Me habló de su esposa: de su habilidad con las matemáticas, de su destreza en física, de su extremada inteligencia. Me contó que ella provenía de una familia muy humilde y que soñaba con ser astronauta. Al mencionar a su mujer, pude notar cómo su corazón se abría; en sus palabras había una ternura especial. Tuvieron tres hijos, o al menos eso entendí yo. «El más grande es como ella», me comentó, «muy inteligente». «El segundo es como yo decía ella, muy vago». Su sonrisa se volvió más dulce, al hablar de su familia se lo veía orgulloso, enamorado.

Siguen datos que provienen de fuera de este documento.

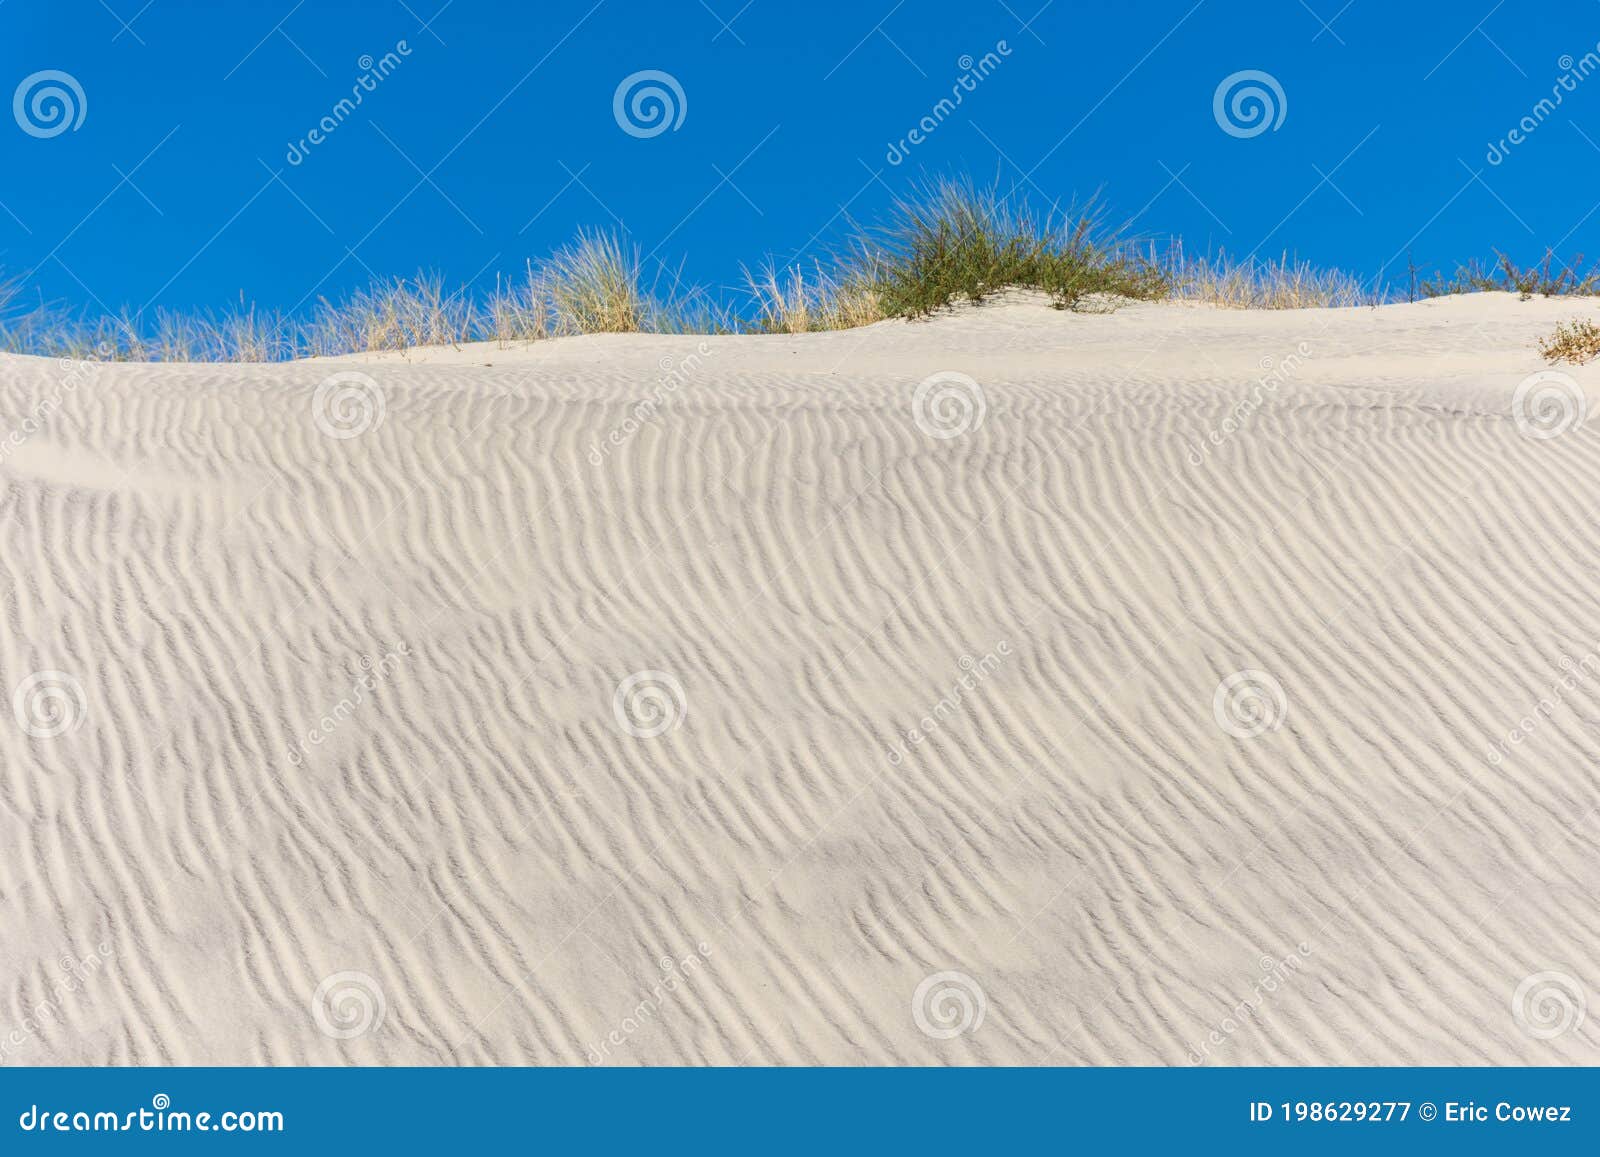 the dunes of biscarrosse, france

«Ella se me fue hace cuatro años», dijo. E instantáneamente sentí que mi corazón se rompía en mil pedazos, como un vaso de vidrio que cae sobre la mesada. El golpe fue liviano, pero no lo soportó; su fragilidad era su debilidad. Él lo comentó de una forma tranquila, como si lo hubiera practicado cientos de veces, con el objetivo de contarlo y no llorar. Pero pude sentir su dolor; lo vi en su rostro.
Por momentos, creí que no estaba hablando conmigo, sino con ella. Yo era solo un intermediario, alguien que quedó en medio de algo mucho más profundo que sí mismo. No sé si él debía darme una lección de amor, o si yo debía ofrecerle un rato de compañía. Solo sé que aquel hombre amó a su mujer.